Hiermee vervalt geenszins de Christelijke verantwoordelijkheid omtrent hen, die aan de tafel van de Heer deelnemen. Aanwijzingen hiervoor zijn vervat in hetgeen aangaande de gemeente geschreven staat: “De akker is de wereld”. De gemeente omvat daarentegen alleen degenen, die als leden van Christus’ lichaam gelden. Neem de eerste brief aan de Korinthiërs, waar de Heilige Geest ons inlicht aangaande de ware natuur van de kerkelijke tucht. Vooronderstel dat er belijders van Christus zijn, die schuldig staan aan enige zonde. Dezen mogen niet erkend worden als leden van Christus’ lichaam, zolang deze toestand voortduurt. Een ware gelovige kan ook vervallen tot zonde. Zodra de gemeente dit weet, is zij geroepen tussenbeide te komen, om het oordeel van God over de zonde uit te spreken. Indien zij willens en wetens zo iemand aan de tafel van de Heer toelaat, maakt zij de Heer deelgenoot van diezelfde zonde. De vraag is niet of de persoon zelf bekeerd is of niet. Die onbekeerd is, behoort niet tot de gemeente; die bekeerd is, bij die kan de zonde niet oogluikend geduld worden. Die schuldig staat moet niet uit het koninkrijk, maar wel uit de gemeente verwijderd worden, zodat de leer van Gods Woord zeer klaar is omtrent beide waarheden. Het is verkeerd op een huichelaar wereldse straffen toe te passen, al is hij ook openbaar geworden. Ik behoor het behoud van zijn ziel te zoeken, doch dit is geen reden om hem aan het lichaam te straffen. Is een ware gelovige schuldig aan zonde, zo mag de gemeente, hoezeer ook tot lankmoedigheid geroepen, dit niet laten doorgaan; de ongelovigen hebben wij aan de Heer over te laten.

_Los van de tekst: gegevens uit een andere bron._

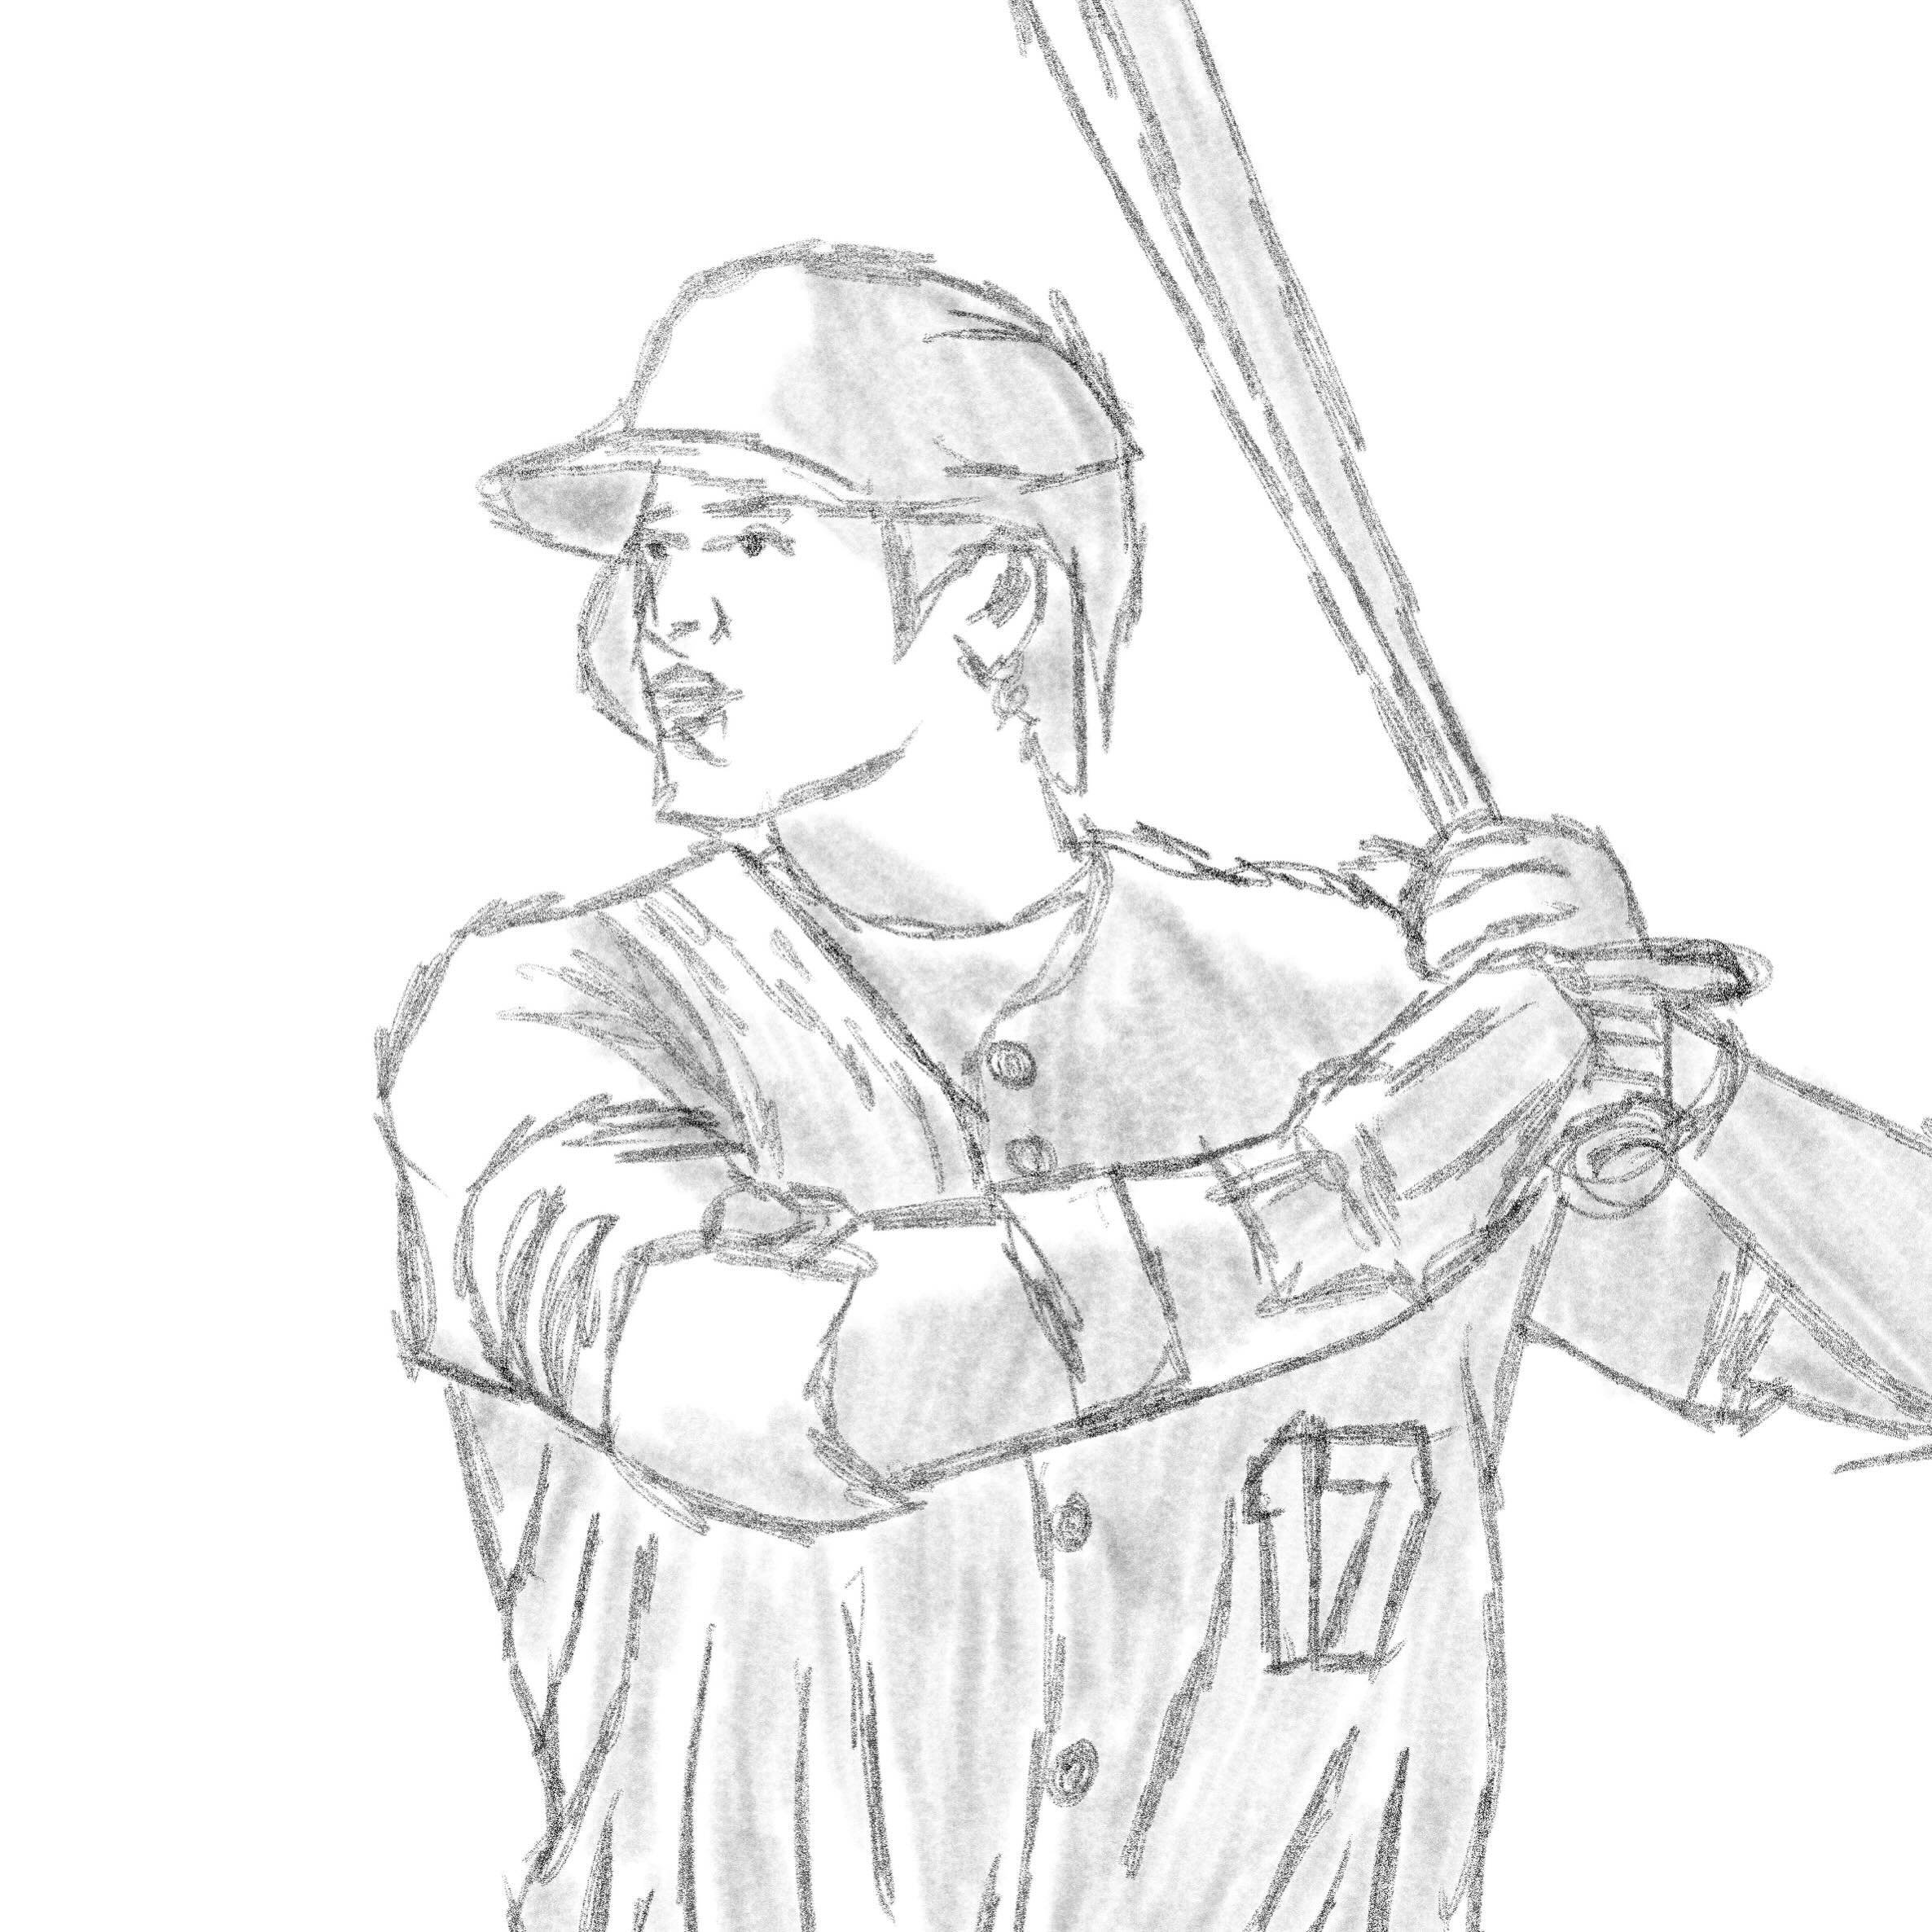 To say LA is excited for Shohei Ohtani is a major understatement. We&rsquo;re ready for Shotime to officially begin.

Also? My Pack of Pencils+ for Procreate and Photoshop is coming in hot in 2024. Join the List for the latest updates.

Ziedaar dus de leer van de gelijkenis van het onkruid. Zo zeker als de Zoon des mensen goed zaad zaaide, zou Zijn vijand onkruid zaaien, dat samen opwassen moest; en dit kwaad kan voor het tegenwoordige niet weggenomen worden. Voor het kwaad, dat in de gemeente binnendringt, bestaat herstel; voor het kwaad, dat in de wereld is, (de akker is de wereld) voorlopig niet.
Uit de Schrift en uit de geschiedenis beide is volkomen duidelijk, dat de grote fout waarin het naamchristendom verviel, hierin bestond, dat men deze twee met elkaar verwarde: het onkruid en de tarwe; of hen, die door de doop toegelaten werden tot al de uitwendige en tijdelijke voorrechten van het Christendom en de zodanigen, die waarlijk bekeerd en door God geleerd waren. En juist moet het grote onderscheid tussen het stelsel, waarbij het deelgenootschap aan de sacramenten of dat, waarbij het deelhebben aan het leven op de voorgrond staat, duidelijk ingezien en zorgvuldig toegepast worden, zullen wij de kerkelijke geschiedenis uit het juiste oogpunt kunnen beschouwen.
Een andere niet minder belangrijke fout volgde uit de eerste noodzakelijk. De massa van de uitwendige belijders werd in de ogen en de mond van de mensen – de gemeente. Godzalige lieden vielen in die strik, zodat het onderscheid tussen gemeente en koninkrijk reeds vroeg verloren ging. De heiligste werkzaamheden en voorrechten in de belijdende kerk werden zowel door godzalige als goddeloze mensen vervuld en genoten. De Reformatie kwam er niet toe om deze treurige vermenging te doen ophouden. Ook heden ten dage heeft het stelsel, waarbij het deelgenootschap aan de sacramenten tot alle voorrechten de toegang opent, op onrustbarende wijze de overhand. Het wezen en de vorm, de levenden en de doden, zijn onder elkaar vermengd in de menigerlei afdelingen van het Protestantisme. En, helaas! velen zijn er in het “koninkrijk” der hemelen, die nooit in de “hemel” zelf zullen zijn. Op dit terrein is onkruid zowel als tarwe; zijn er boze dienstknechten zowel als getrouwe; dwaze maagden zowel als wijze. Hoewel allen, die de Christennaam aangenomen hebben, tot het koninkrijk worden gerekend, behoren alleen zij, die levend gemaakt en door de Heilige Geest verzegeld zijn, tot de gemeente van God.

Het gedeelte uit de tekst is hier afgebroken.